March 3, 2008

filmsgraded.com:
Suspicion (1941)
Grade: 90/100

Director: Alfred Hitchcock
Stars: Cary Grant, Joan Fontaine, Nigel Bruce

What it's about. Beautiful heiress Joan Fontaine is courted by charming ne'er-do-well Cary Grant. They are wed, but it is quickly revealed he is financially irresponsible. She gradually suspects that he is trying to murder her, to collect on her life insurance. Her suspicions are only increased when Grant's best friend, the affable Nigel Bruce, dies in a mysterious accident.

How others will see it. Suspicion is one of Hitchcock's ten best films, but it ranks considerably lower among fans of the director. This may be because Fontaine's character dominates the movie, and is so similar to (yet somewhat less convincing) than her character in Hitchcock's Rebecca, made the year before.

Undoubtedly, if Hitchcock had been allowed to turn Grant into the complete monster he was in the source novel, the film would be more popular today. But 1941 audiences might not have been ready for such a movie, and that could have had a negative impact on Hitchcock's later, laudatory career.

That said, classic film fans have much to cherish, including every moment that Grant, Fontaine, or Bruce is onscreen. Which is to say, essentially every shot in the movie. It may be difficult for some to accept Fontaine's lovely yet timid and breathless character. Yet she was so good at playing it, which is why she won a Best Actress Oscar for Suspicion, and why she played yet another knock-off of the character in Jane Eyre (1944).

How I felt about it. Suspicion was the first outstanding film that Hitchcock made after Rebecca, and while it was not quite up to the phenomenal quality of the latter film, it proved that Hitchcock had little need for hands-on producer David O. Selznick. Although Hitchcock's productivity included a number of misfires, he also directed many good and great films, through Psycho in 1960.

Hitchcock has to be considered the greatest film director of all time, although he receives stiff competition from Stanley Kubrick, particularly in terms of variety. Many of Hitchcock's films share common plot elements, especially the Wrong Man accused of a murder. This theme is present in Suspicion, as well. Fontaine suspects Grant of murdering Bruce, and of plotting to murder her. With good reason, since Grant's character did murder her in the source novel by Anthony Berkeley Cox, "Before the Fact."
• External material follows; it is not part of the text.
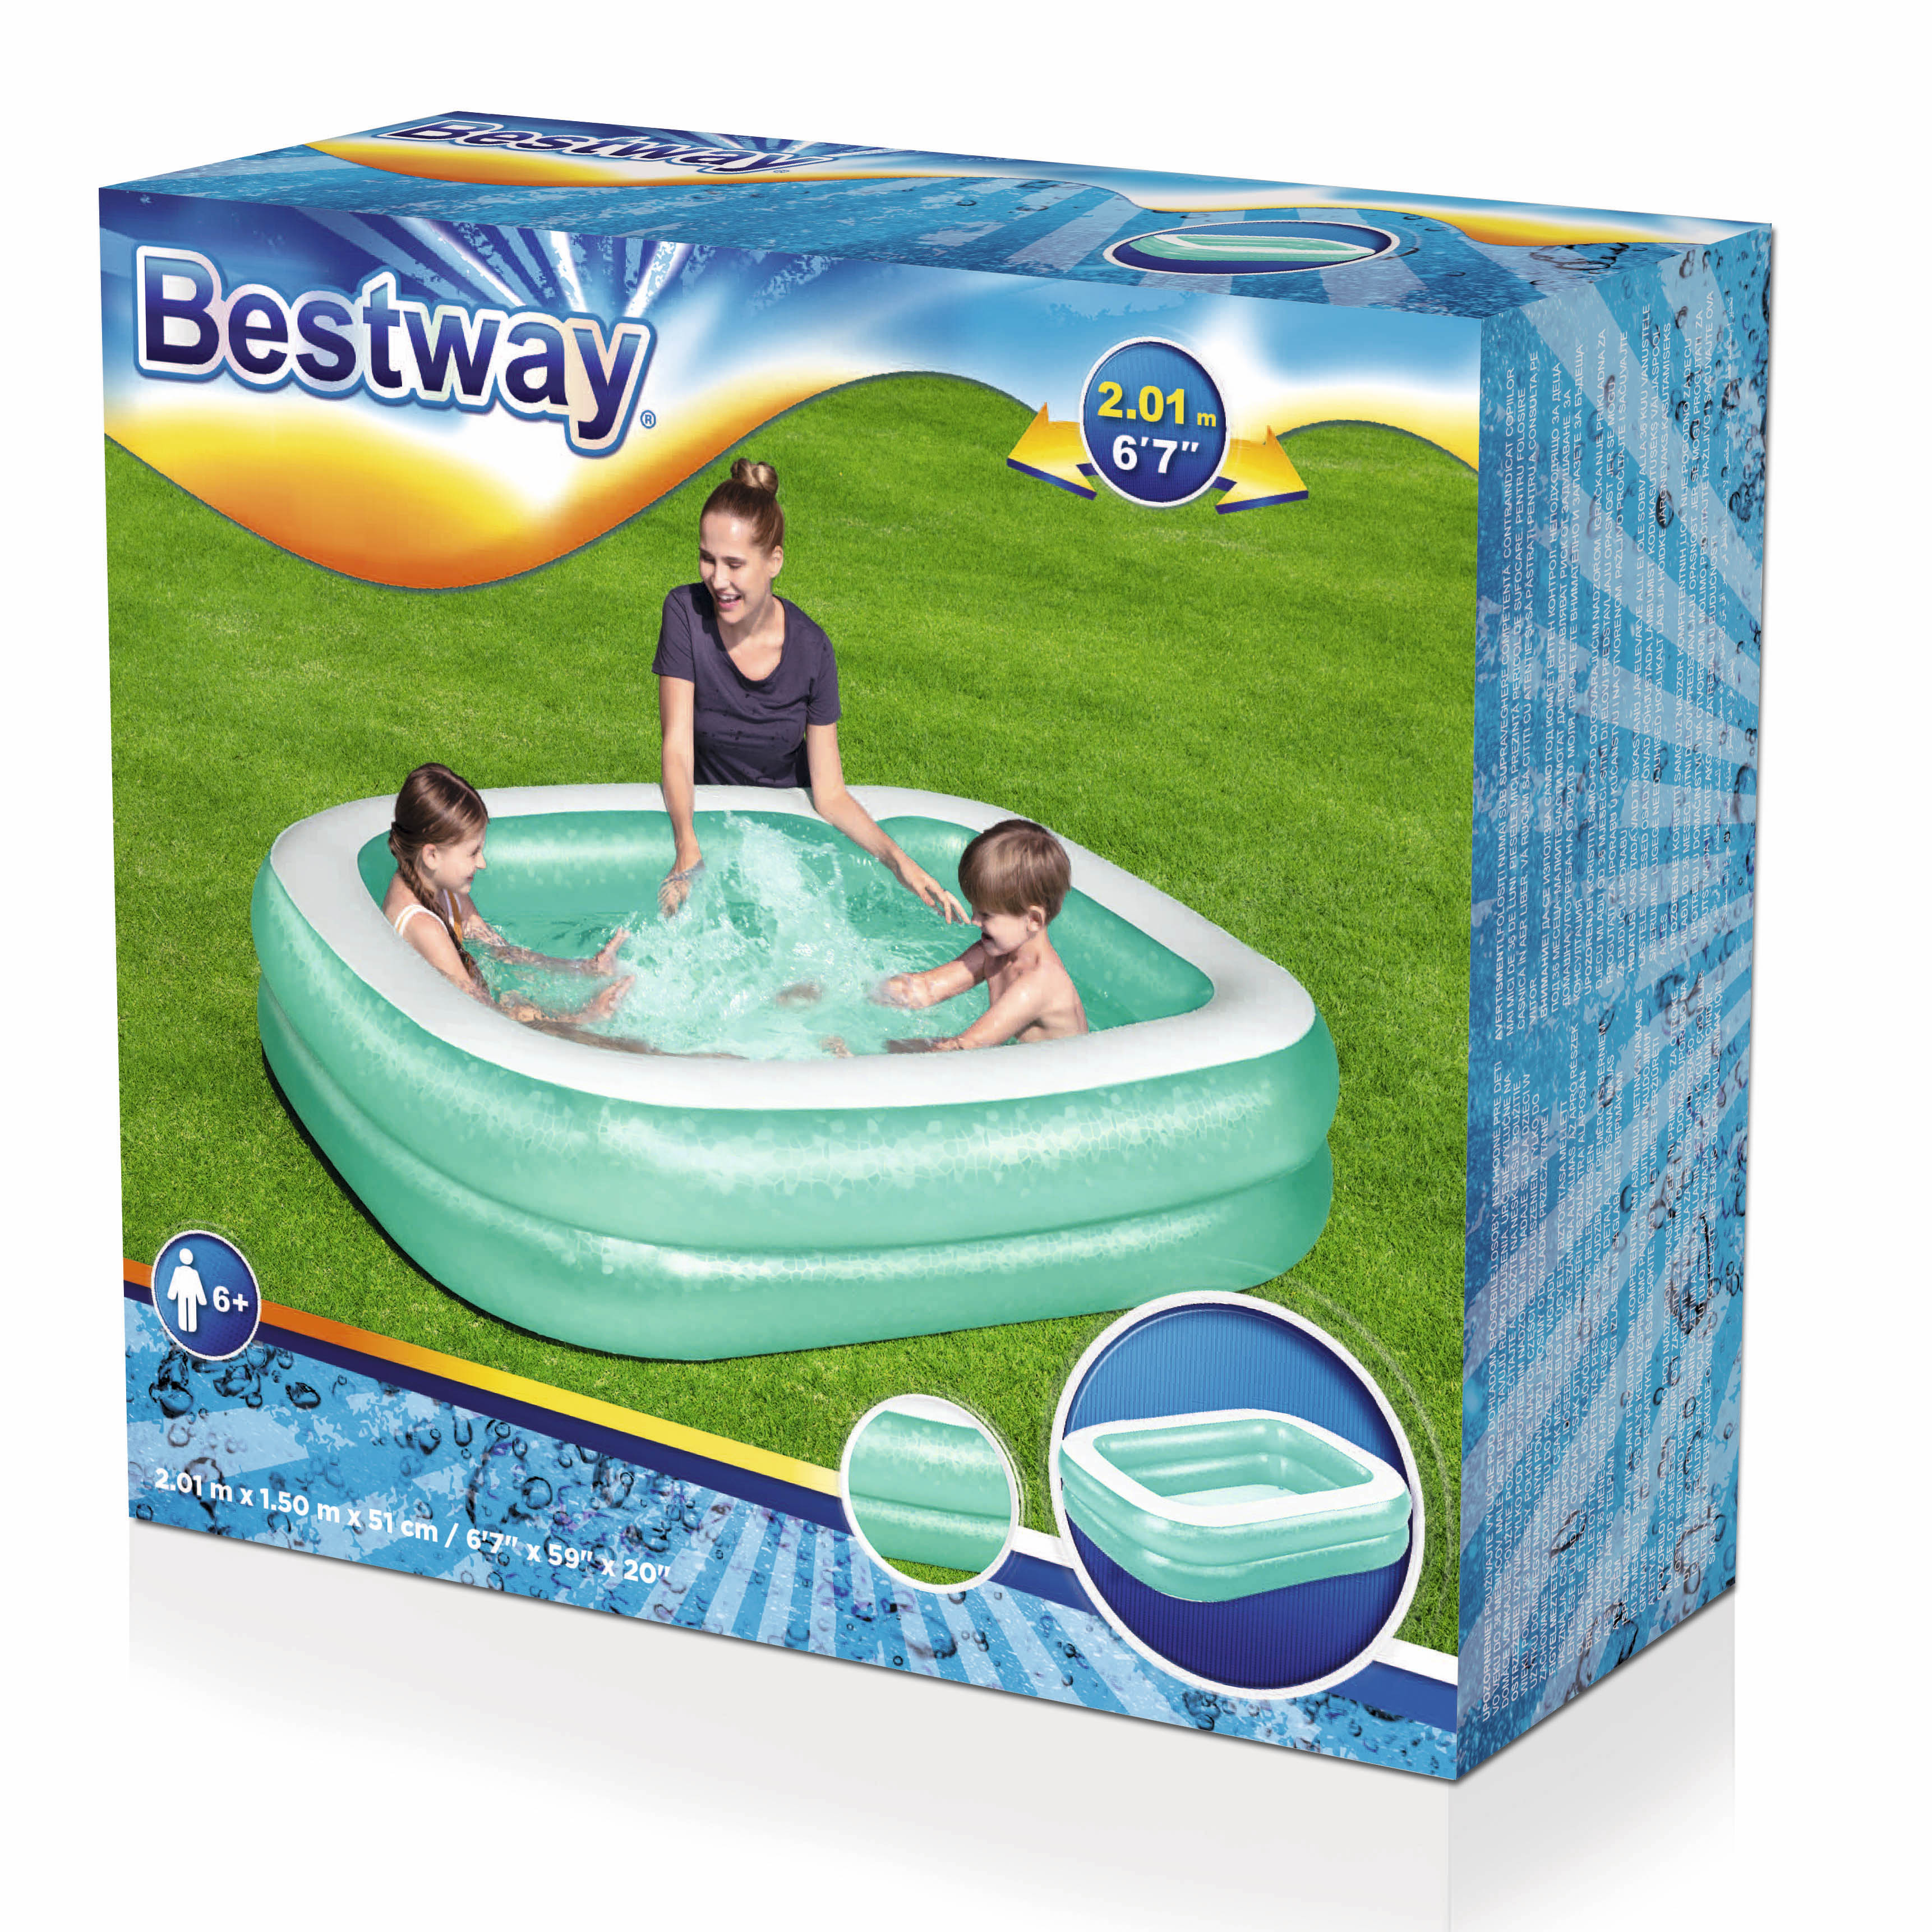 Bestway - Blue Rectangular Family Pool (6'7" x 59" x 20"/2.01m x 1.50m x 51cm)

He would have killed her in the film as well were it not for RKO Radio, which did not want to sour Cary Grant's formidable box office prowess by portraying him a killer. Although such a character never seemed to hurt Humphrey Bogart's career. The cop-out ending, from the point of view of Hitchcock, may have hurt its appeal with classic film fans. But it has little effect on the quality of the movie, which after all runs for 99 minutes and has only one final minute that changes the film's perspective.

One curiosity about Suspicion is the age of the actress who plays Fontaine's mother, Dame May Whitty. She was born in 1865, just two months after Lincoln's assassination. She was 76 in 1941, 52 years older than Fontaine. Fontaine's on-screen father, Sir Cedric Hardwicke, was a more reasonable age of 48.